Catholic Church's immigration stance: A knife in the backs of America's unemployed

 

Anybody who has followed the immigration issue in recent years knows that the Catholic Church, which has watched its membership steadily decline, has been a leading proponent of amnesty for illegal aliens.

This comes as no surprise because three fourths of the nation’s illegal population comes from Spanish-speaking countries where Catholicism is the primary religion.

The U.S. Conference of Catholic Bishops routinely reminds parishioners that we have an “obligation” to “welcome the stranger.”  Words, like “humanity,” “understanding,” “compassion,” fill their press releases and quotes that appears in what these days passes for “news stories” about illegal immigration. 

 

Among the most recent attacks against the nation’s unemployed Americans – and legal immigrants – is this Feb. 14 blog by Fr. Tom Joyce that appeared on the U.S. Catholic magazine’s web site. 

The most insulting part of this piece for me is this: The immigration debate is hardly driven by science or even “facts”. It’s a political and emotional debate where facts can get in the way.”

Well, Fr.
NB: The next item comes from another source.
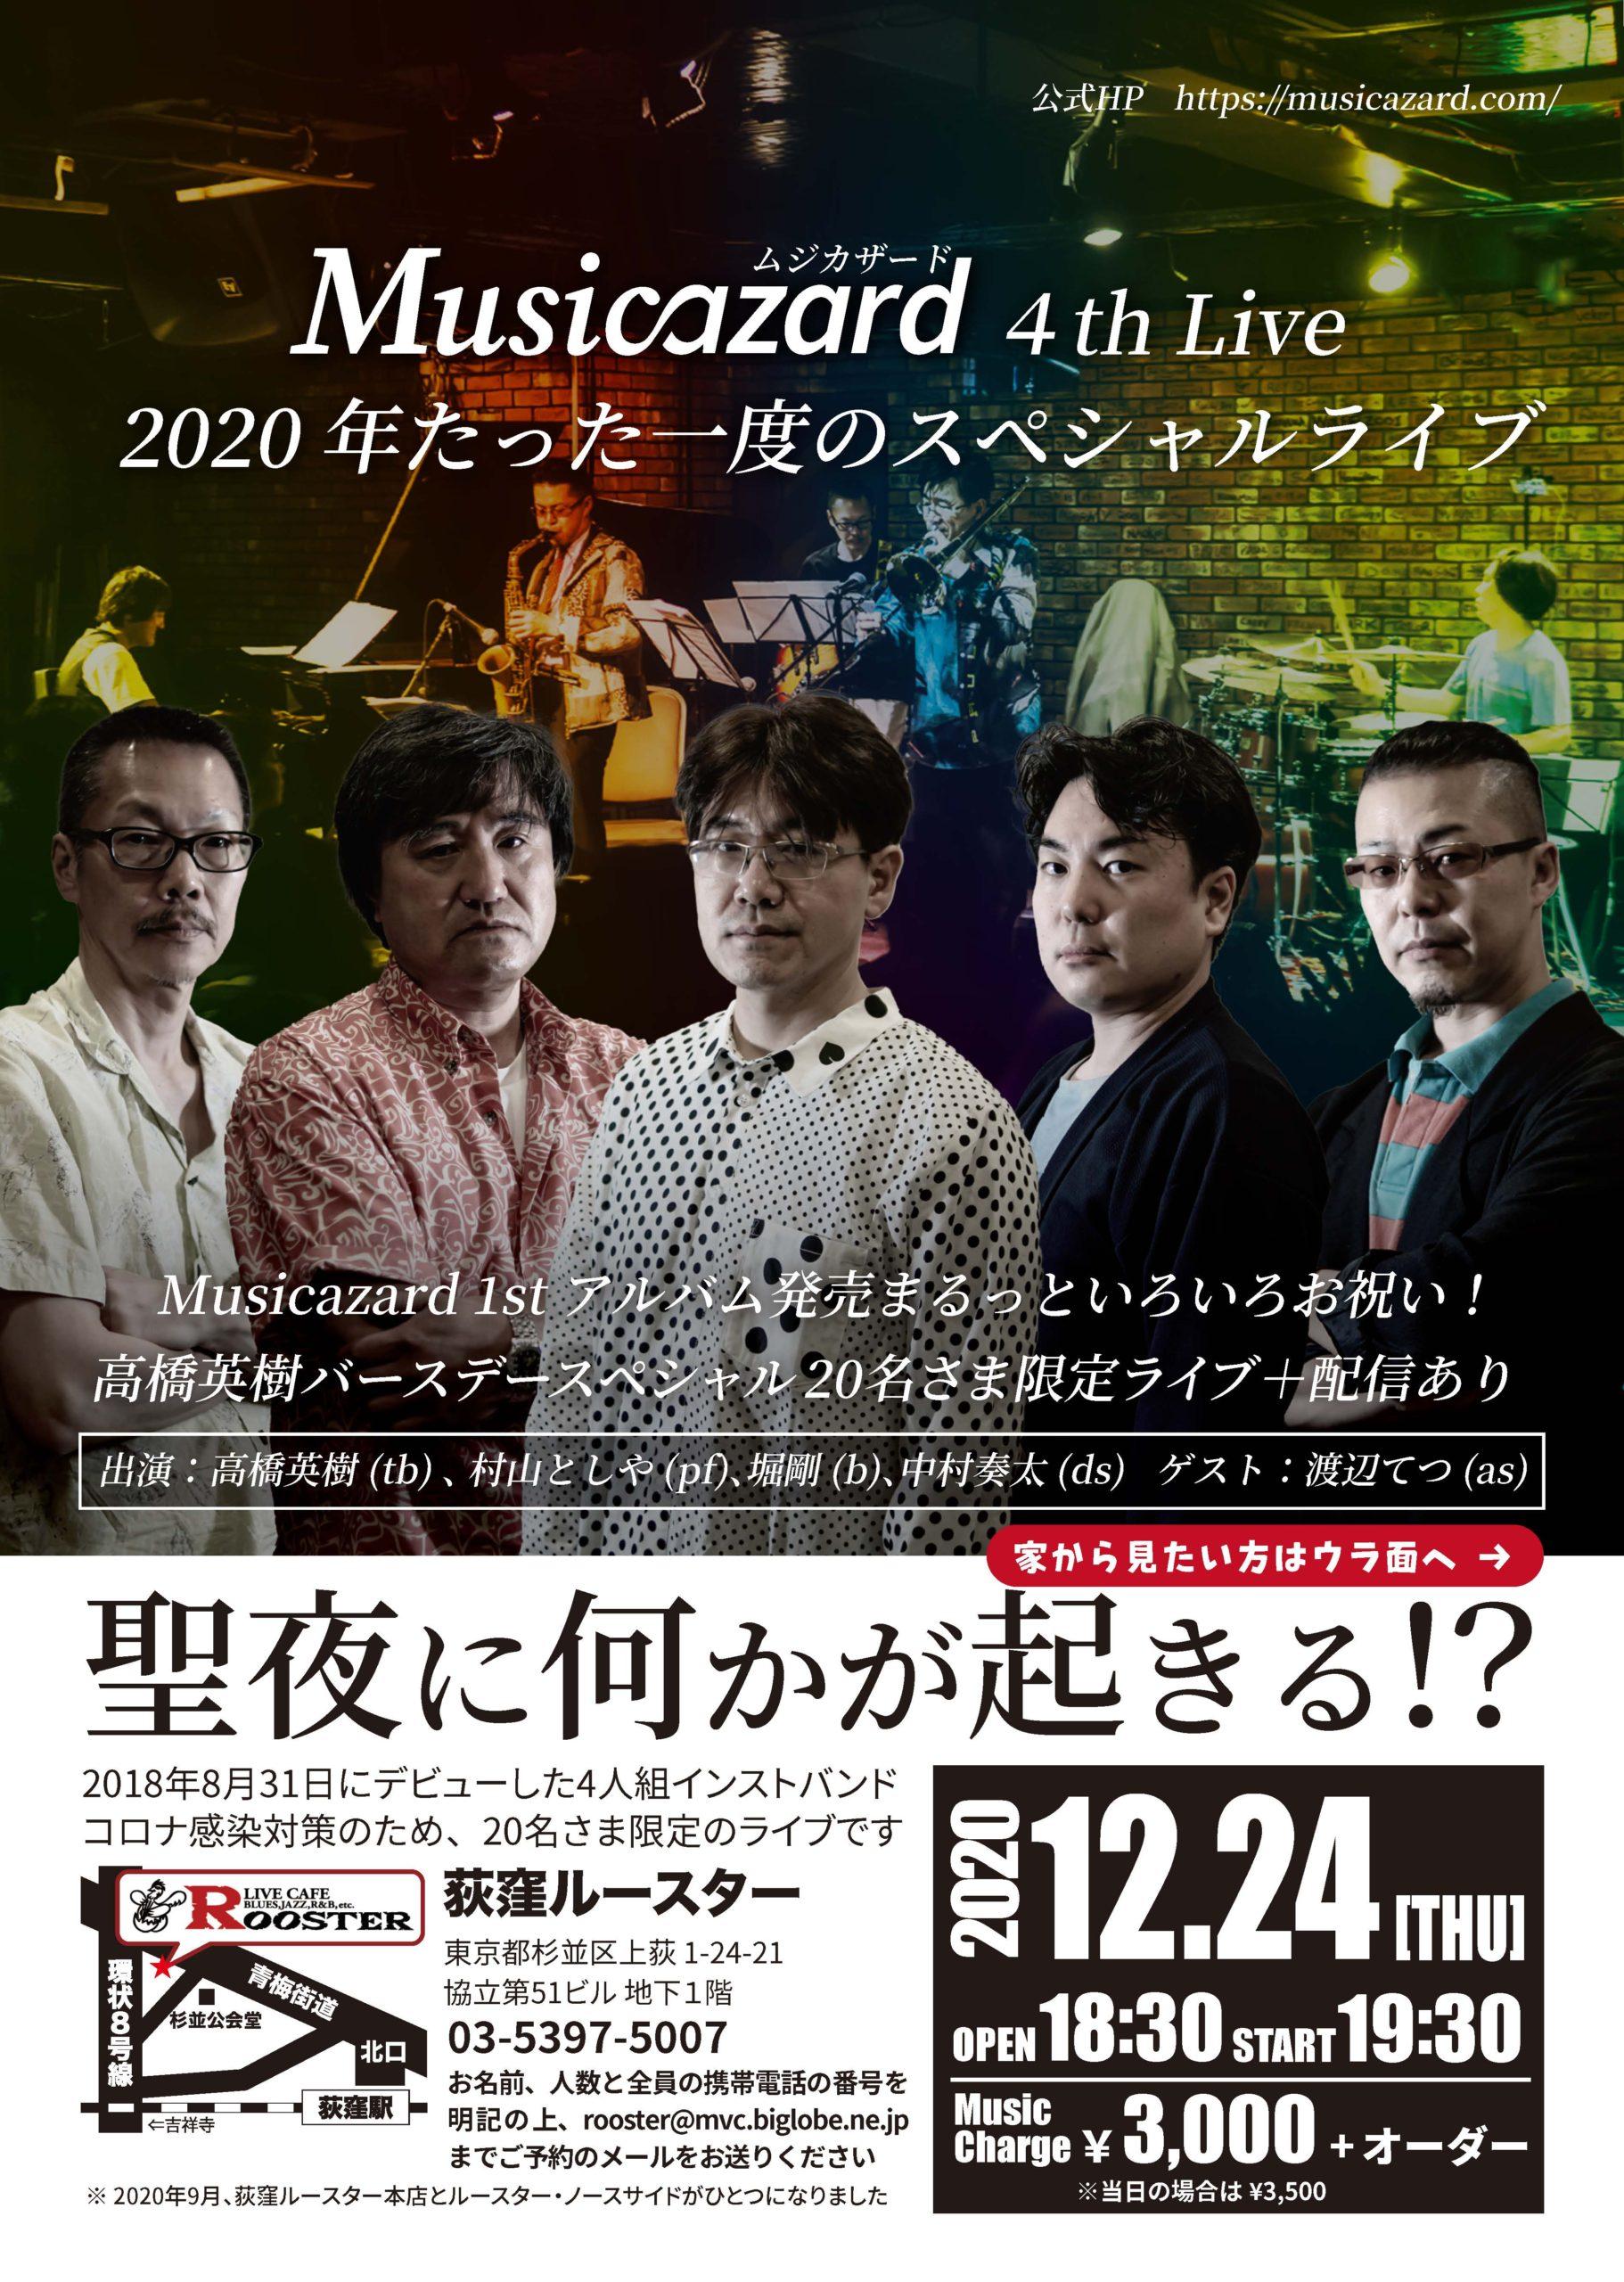 Musicazard 4thライブ 2020/12/24

Joyce, the facts are these:  Your church is joined at the hip with the Obama administration that is allowing 7 million aliens to keep their nonfarming jobs and every month issuing 125,000 work permits to foreign workers while 20 million Americans, many of them poor and with no more than a high school education, cannot find full-time employment.  Where is your compassion and humanity for them?

On the same day that Fr. Joyce’s blog appeared, Radio Iowa ran a story about three Catholic bishops who lobbied members of that state’s legislature asking them not to support the idea of requiring Iowa employers to use E-Verify, the free federal computerized program that prevents illegal workers from entering our workforce.  In other words, protecting American workers, you know, as in citizens.

The arguments they made were the usual:  E-Verify would “complicate the hiring process” and put an “increased burden on law enforcement.”   However, one of the bishops, Marvin Amos of Davenport, at least at the courage to admit that illegal aliens should be allowed to remain here.

For the record, I’m Catholic and regularly attend mass, but these days I am left wondering why I should even bother.  Every Sunday we Catholics “offer up our intentions” that include prayers for our elected leaders, the sick, travelers, military service members and their families, and – “those looking for work.”

During a recent homily, our pastor noted a conversation he had with a lay member of the church who expressed dismay that illegal aliens living here in Wisconsin are unable to get drivers licenses so they can look for work.  The unemployment rate in “America’s Dairyland” is 7.1 percent and in December led the nation in job losses.

When leaders of the Catholic faith, as well as other religions, ask their flocks to look into their own hearts to determine whether they are doing all they can to help those down on their luck, one word comes to my mind:  hypocrisy.  These clerics will claim to be “doing God’s work,” but since when did such work include contributing to the economic misery of so many and helping to destroy the nation that allows them to live as well as they do and – most importantly – worship as freely they do?